== Collected data ==

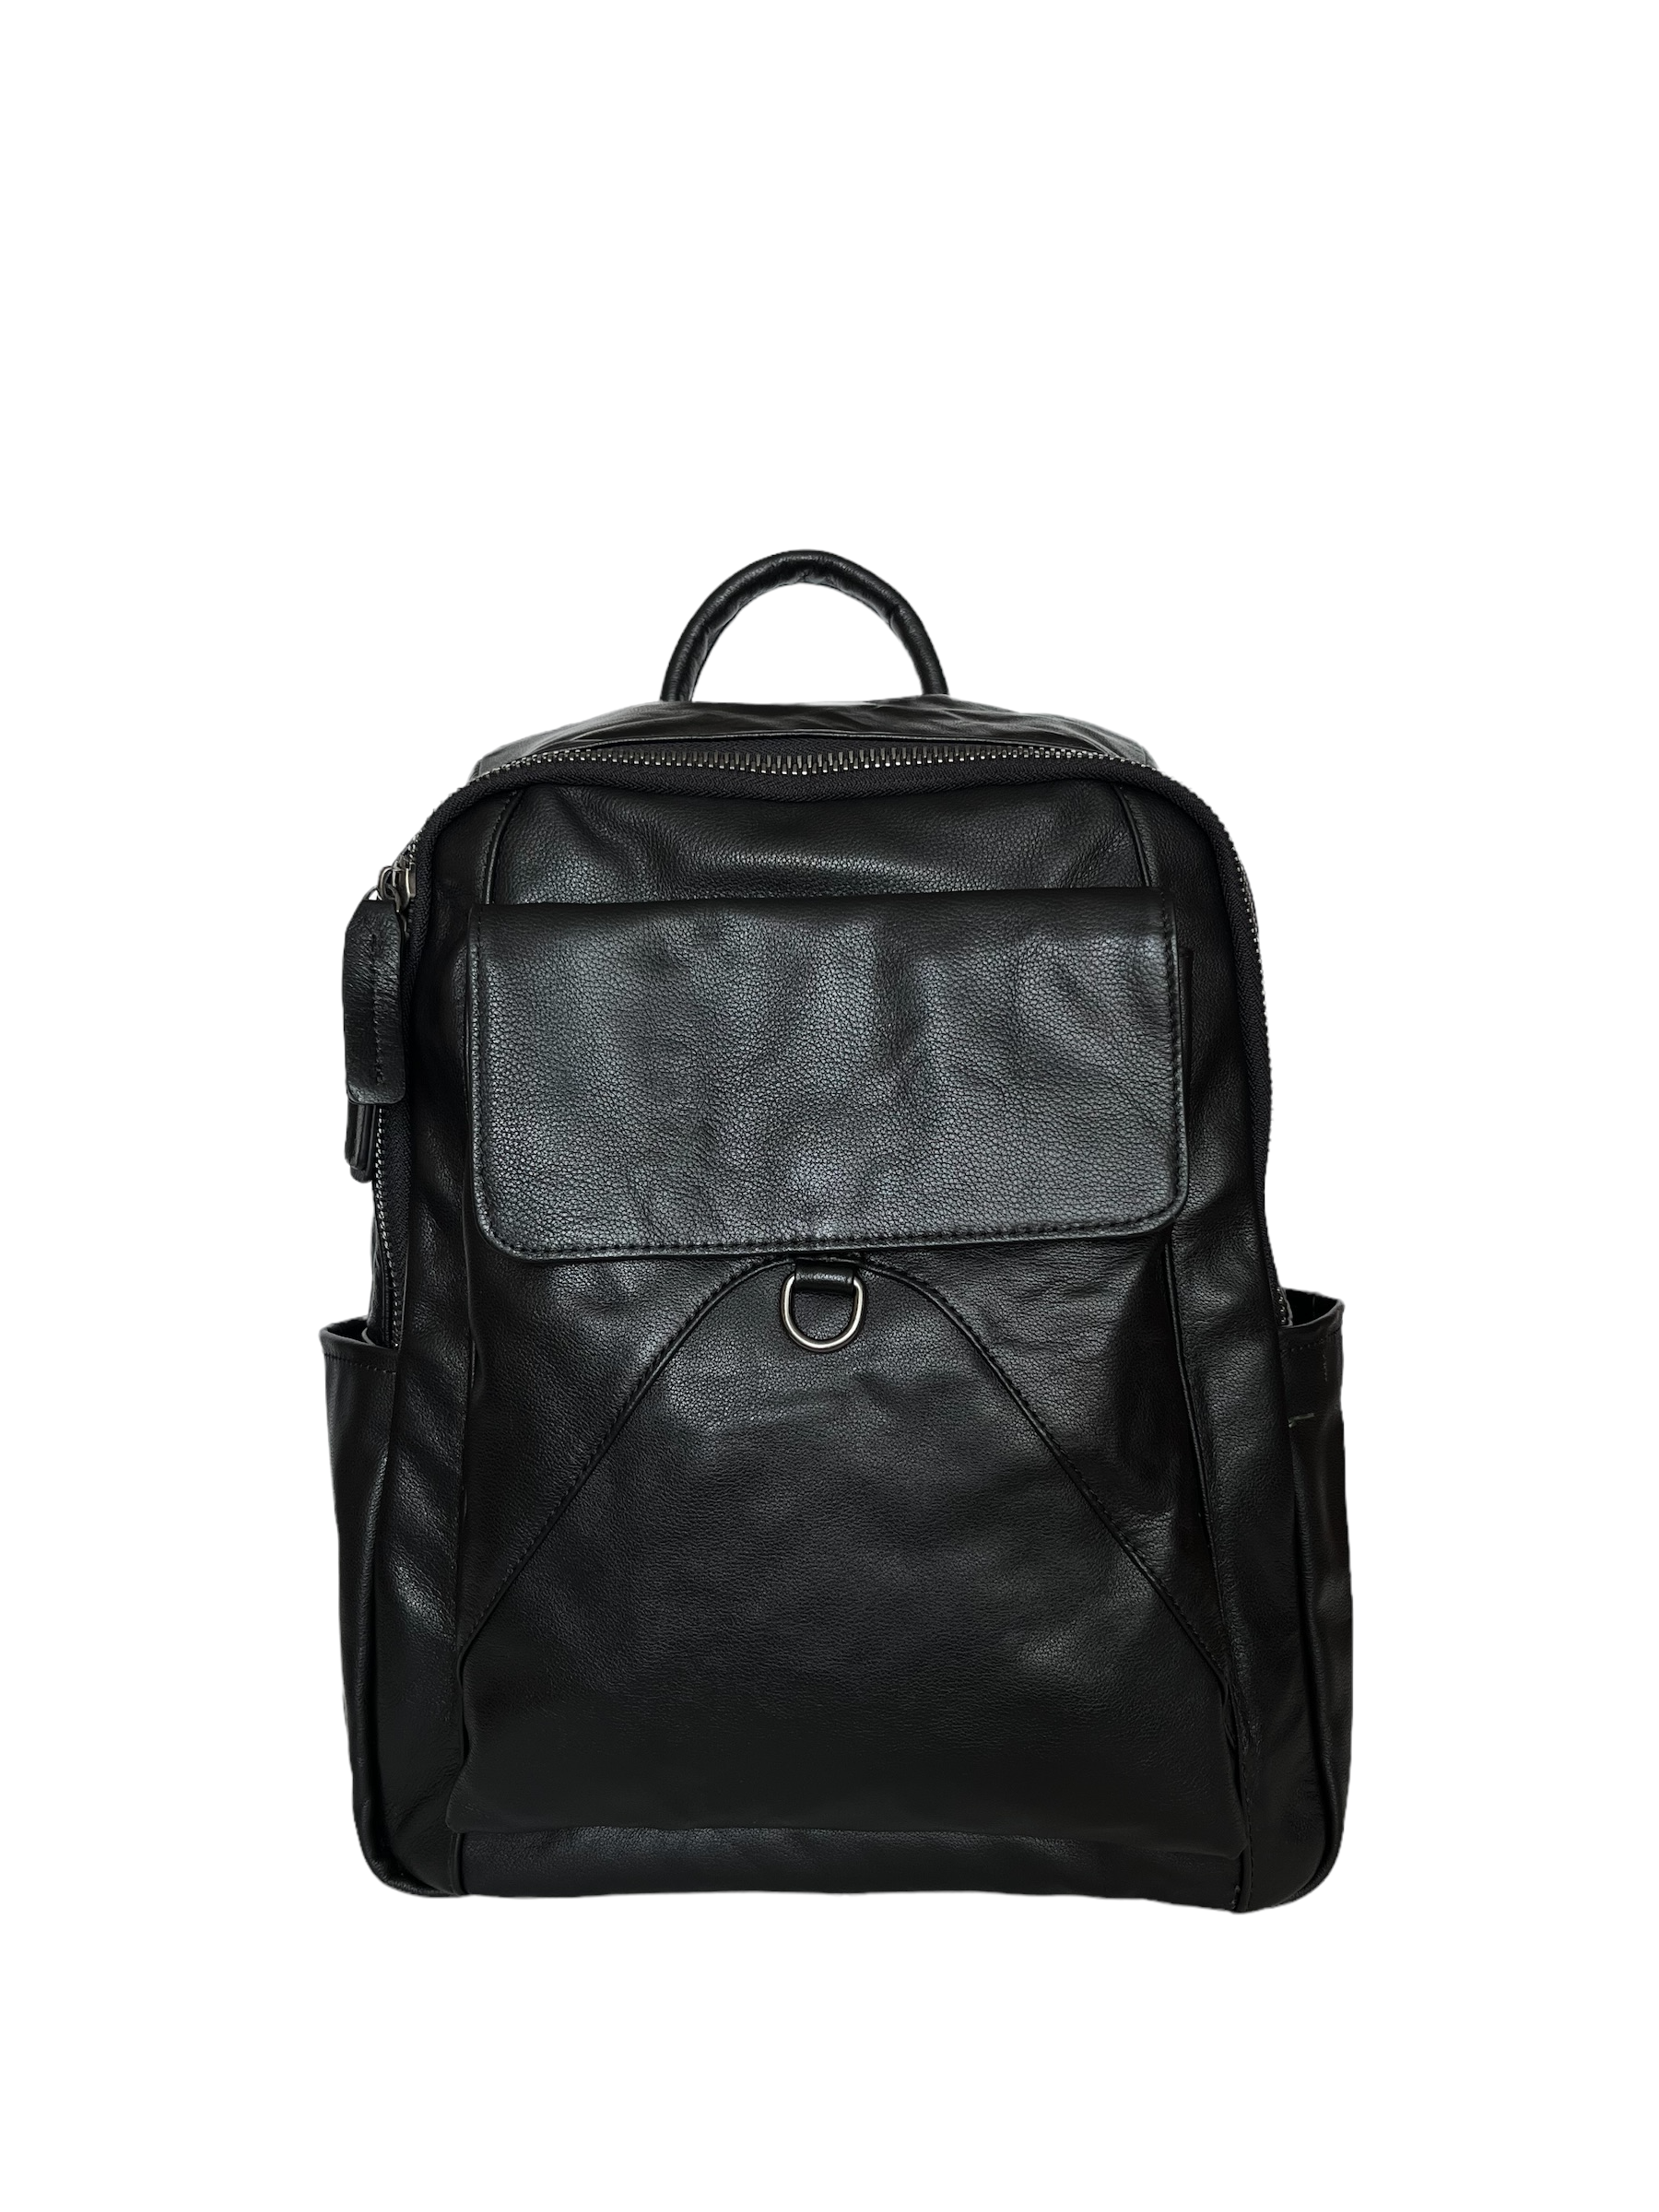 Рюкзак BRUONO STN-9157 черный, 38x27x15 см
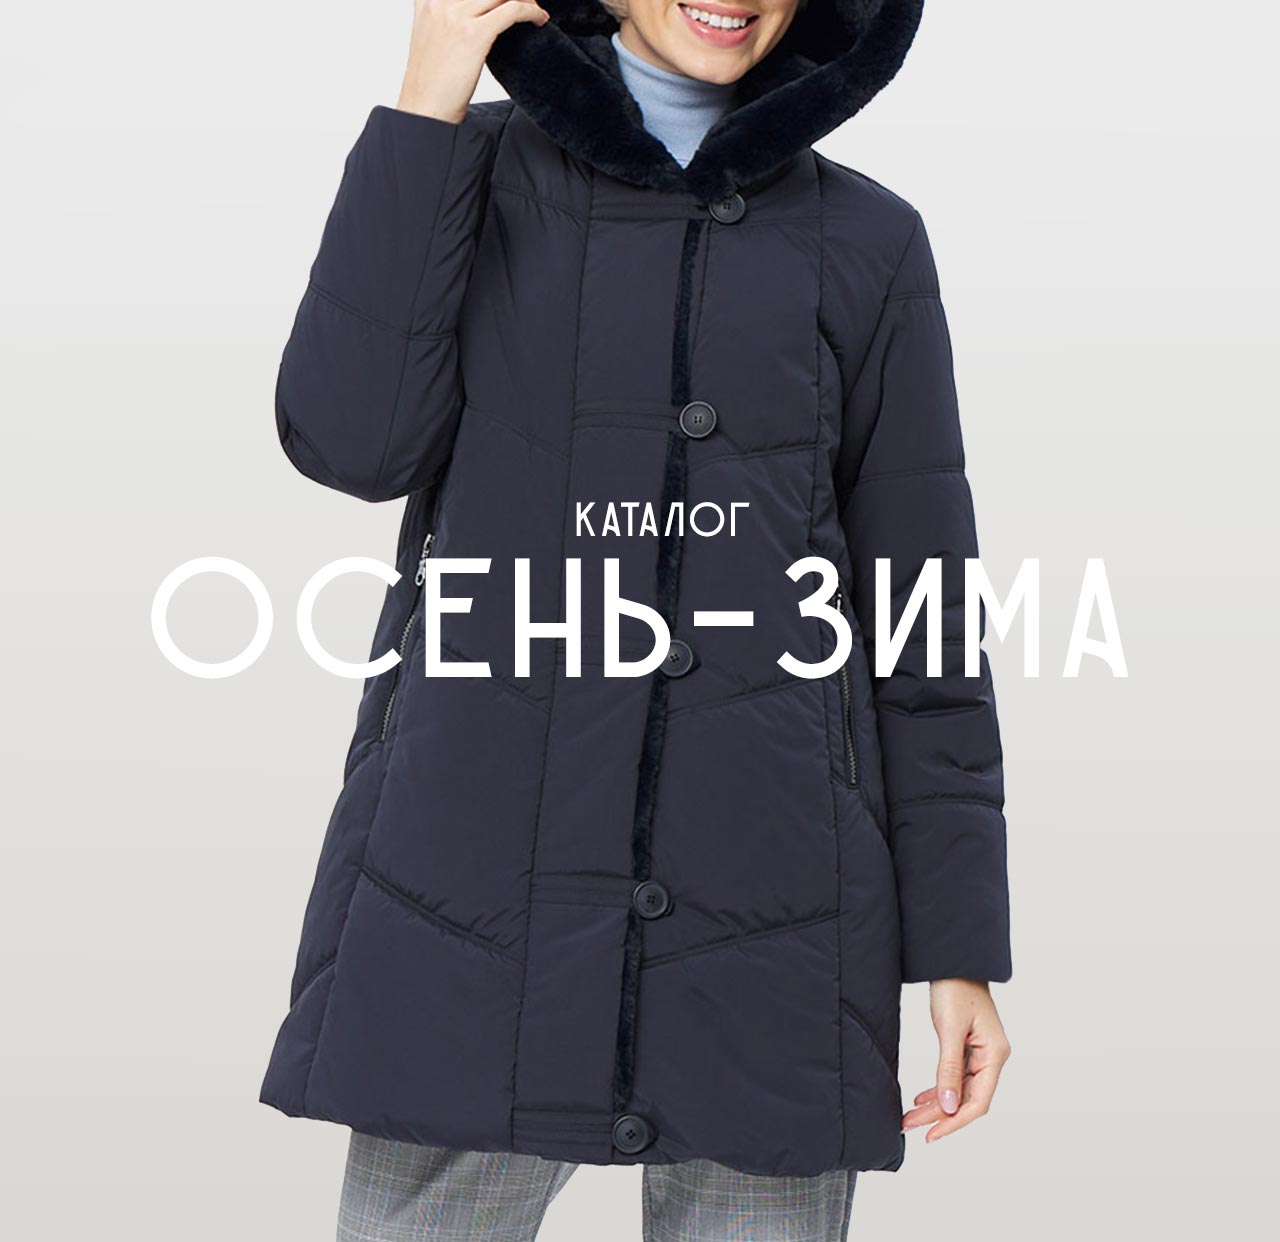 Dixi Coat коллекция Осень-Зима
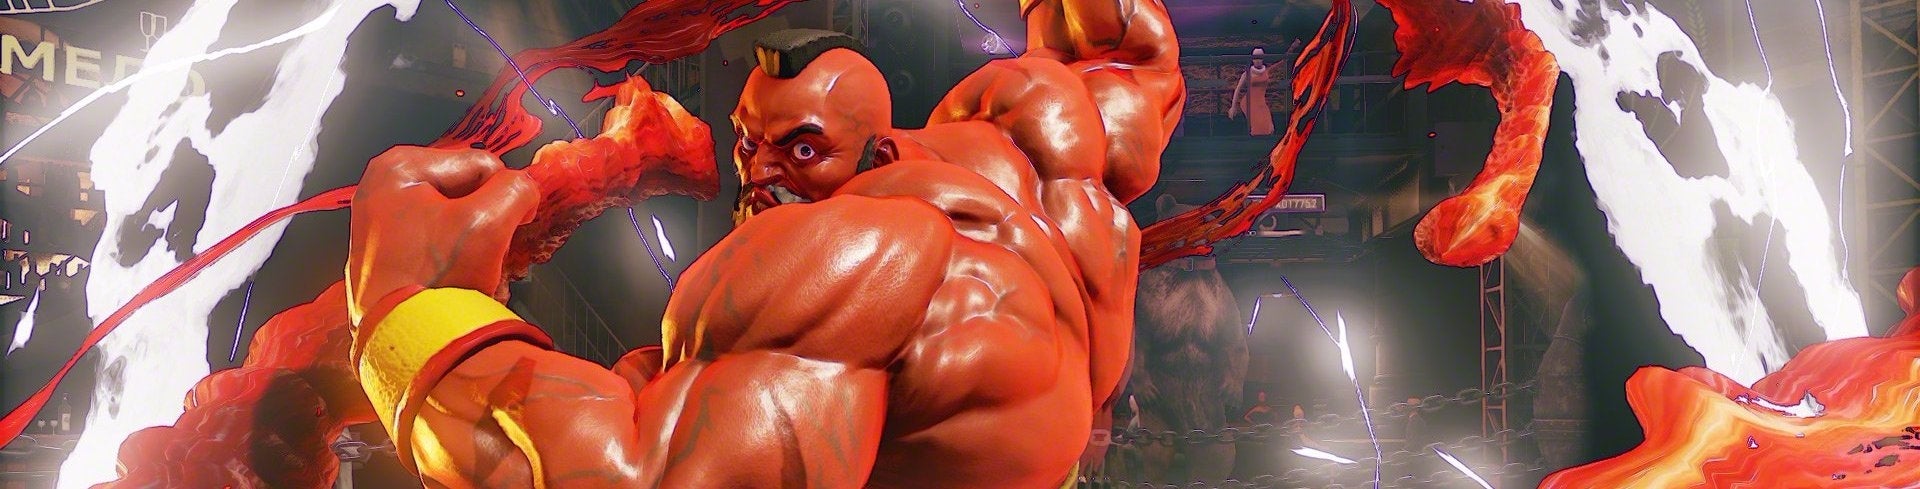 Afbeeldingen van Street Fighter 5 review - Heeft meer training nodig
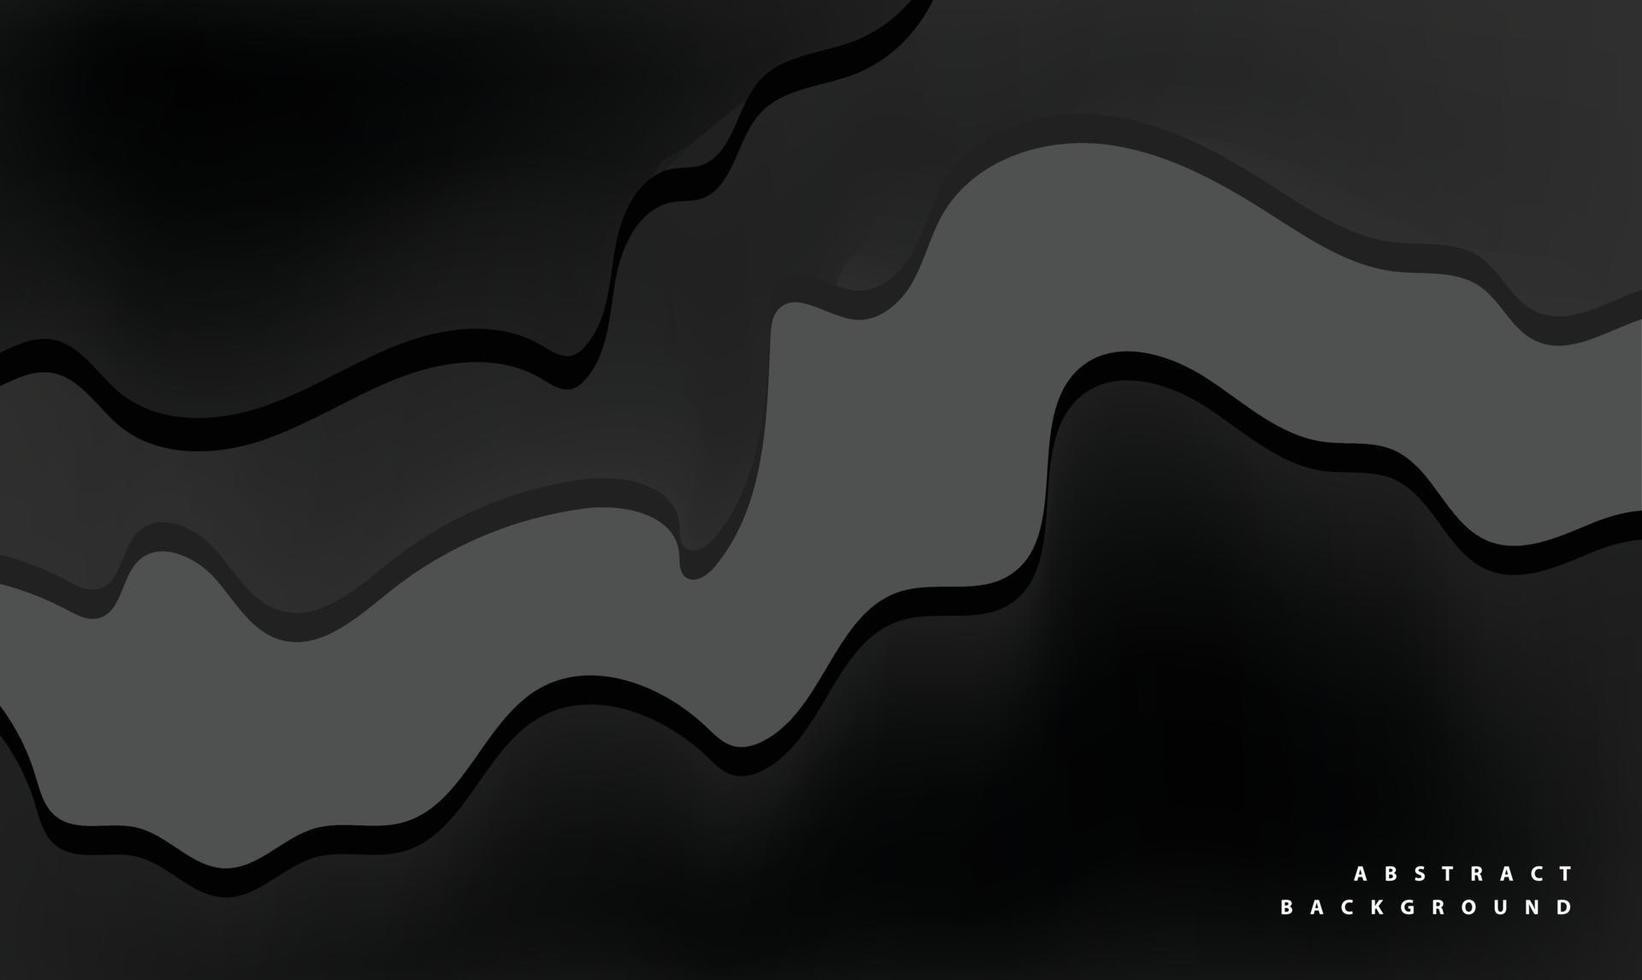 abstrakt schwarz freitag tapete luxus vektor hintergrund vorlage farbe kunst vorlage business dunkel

===

> [Task directions]
Please give every line above again word for word, apart from the pictures.

> [Solution to the exercise]
 Рюкзак BRUONO STN-9157 черный, 38x27x15 см
 Dixi Coat коллекция Осень-Зима
 Afbeeldingen van Street Fighter 5 review - Heeft meer training nodig
 abstrakt schwarz freitag tapete luxus vektor hintergrund vorlage farbe kunst vorlage business dunkel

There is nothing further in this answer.